Progress on Network Inference Sub-Challenge
This sub-challenge has several requirements:
- Directed and causal edges on the models (32 models - 4 cell lines × 8 stimuli)
- Edges should be scored (normalizing to range between 0 and 1) that will show confidence
- Nodes will be phosphoproteins from the data
- Prior knowledge network (that can be constructed using pathway databases) is allowed to be used (actually this is a must for some network inference tools)
First thing was to look for existing tools. ddepn seemed a good option but it didn’t work for us. We checked for different tools on Bioconductor for our purpose. There was a tool called CellOptNR, which I thought we could use it for the second sub-challenge. Actually, on Synapse, the second sub-challenge has been modified recently, so right now I’m sure about it. But for the first sub-challenge, CellOptNR and a tool related to it called CNORfeeder will be useful.

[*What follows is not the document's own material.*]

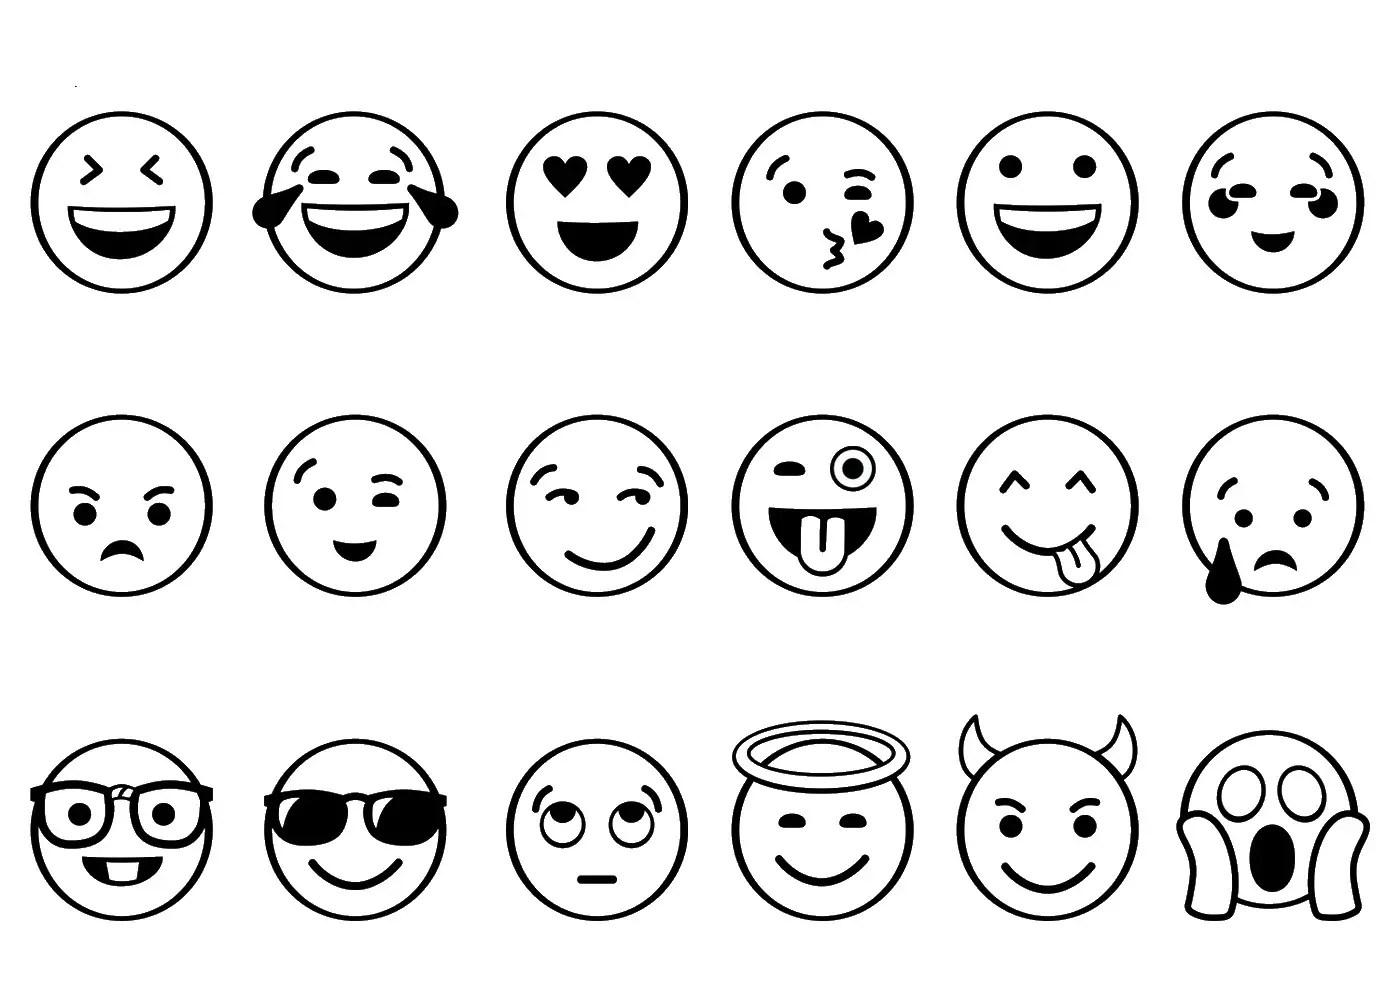 44 Awesome Printable Emojis

This tool gets two input. One is data from microarray experiments, which is simply protein abundance measurements under several stimuli/inhibitors and the other is a prior knowledge network (PKN) that can be constructed using different pathway sources such as WikiPathways, KEGG. It uses various inference methods to integrate the data and validate the network models.
So, we need to construct a PKN with the phosphoproteins in the data and then infer the network models. Next, we need to score each edge on the models and store the results in SIF and EDA files.
This sub-challenge also has in silico data part where there are similar requirements.
I tried an example (from DREAM 4 Challenge) given in vignette of CNORfeeder and it worked as expected. In vignette, a data-drive network is shown without an integration with any PKN but how it is created is not given.